05/11/2014

Pendant combien de temps encore utiliserons-nous le PIB comme indicateur de notre bien-être ?

Le projet de société consistant à produire, consommer, travailler mieux et tous, et à reconnaitre l’importance du temps consacré aux proches et au débat démocratique, n’est-il pas le meilleur indicateur de notre bonheur ?

 

Aujourd’hui, la croissance économique ne peut pas être le seul objectif poursuivi par notre société.
Le PIB et le bien-être économique ne se recoupent pas, d’ailleurs le PIB n’est qu’un indicateur parmi d’autres.

 

Depuis 20 ans, nous possédons plusieurs indicateurs :

IDH (indice de développement humain), il s’agit de la moyenne de 3 indices qui mesurent l’espérance de vie à la naissance, le niveau d’instruction et le PIB par habitant.

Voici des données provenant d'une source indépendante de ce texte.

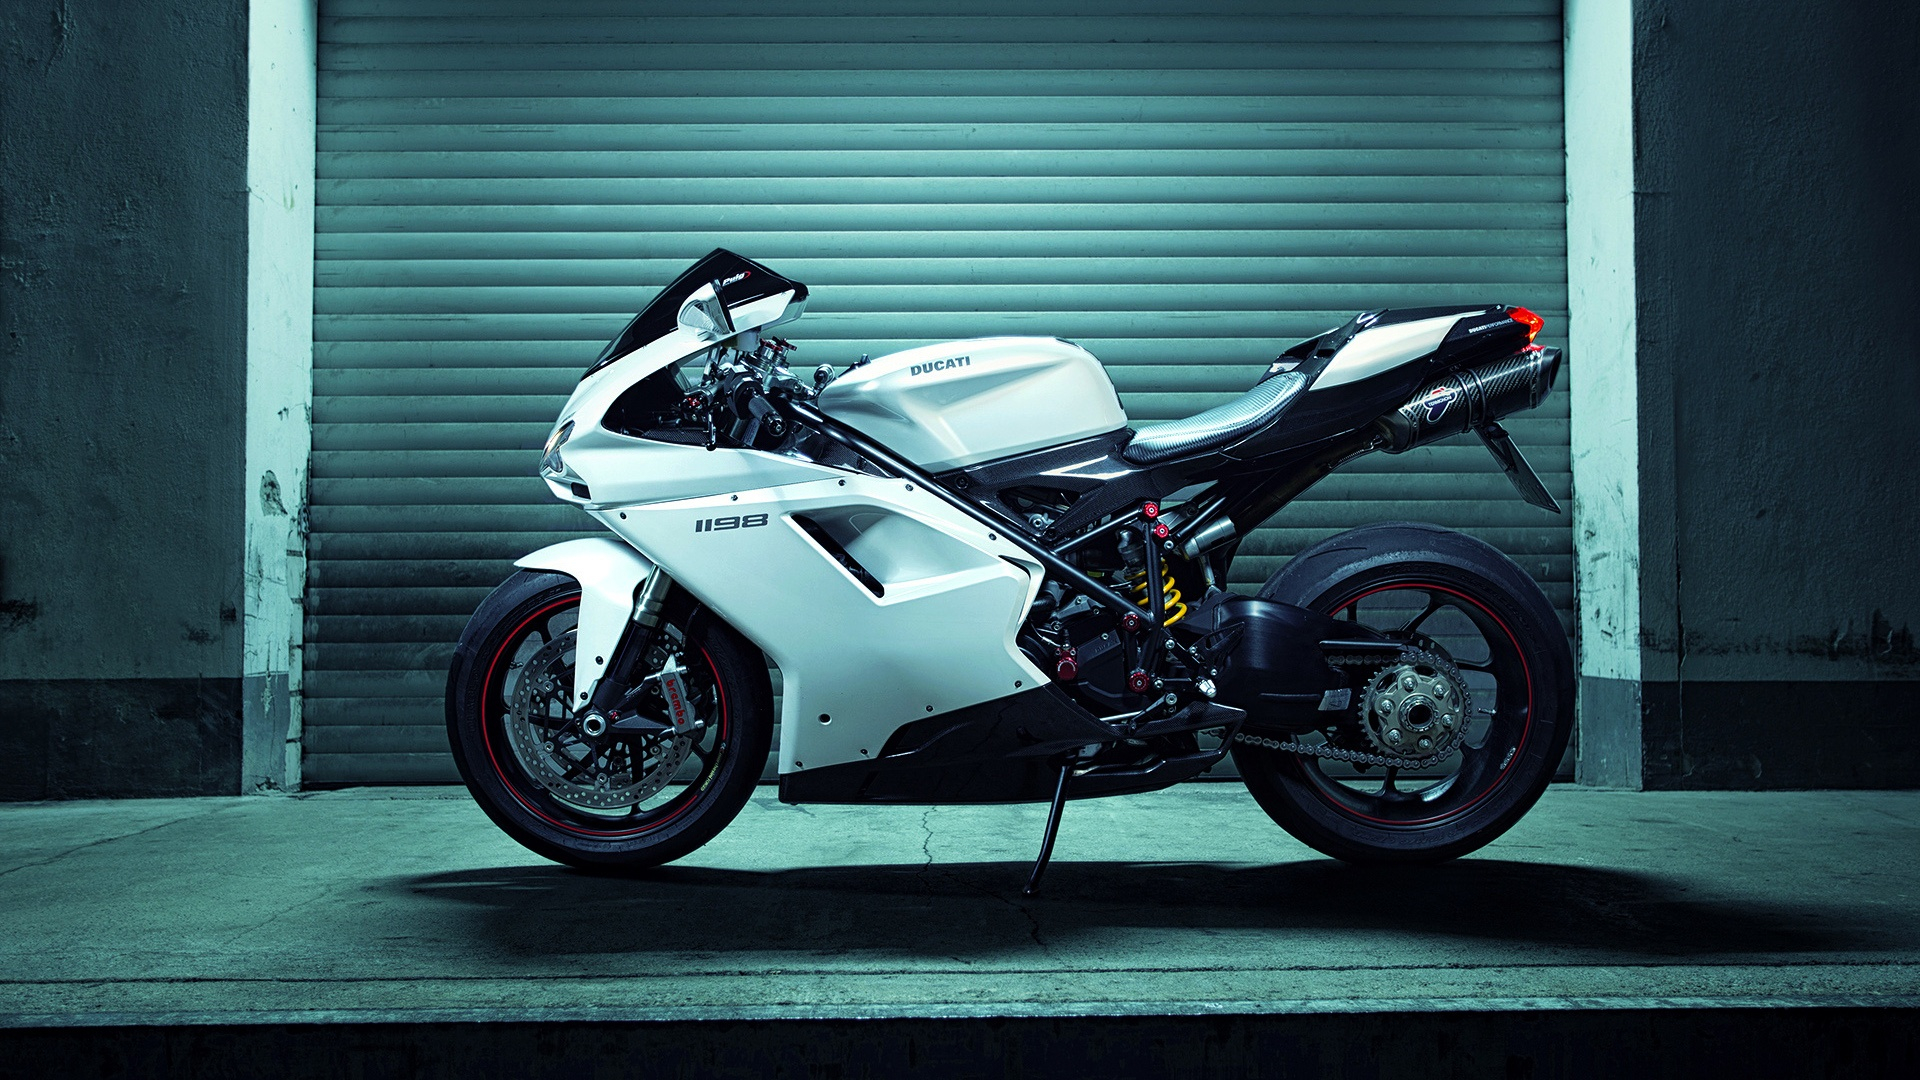 1920x1080 Wallpaper : Ducati, superbike, motorcycle, Garage, lights, vehicle Driges 1780611 HD Wallpapers

ISS (indicateur de santé sociale), 16 variables affectées à des classes d’âge constituent le corps de cet indice. Parmi ces variables figurent notamment la mortalité infantile, la chômage, la pauvreté des plus de 65 ans, les accidents de la route…

 

ISP (indice de sécurité personnelle), il prend en considération trois types de sécurité ; économique, santé et physique. Il cerne une série une série de variables objectives (taux de chômage, accidents du travail, violence physique) qui sont pondérées par des données subjectives.

 

IPV (indicateur de progrès véritable), part de la consommation marchande des ménages, à laquelle on ajoute la valorisation des certaines activités (travail domestique, loisirs…) et des dépenses publiques non défensives et de laquelle on ôte la valorisation des dépenses défensives et des dommages écologiques.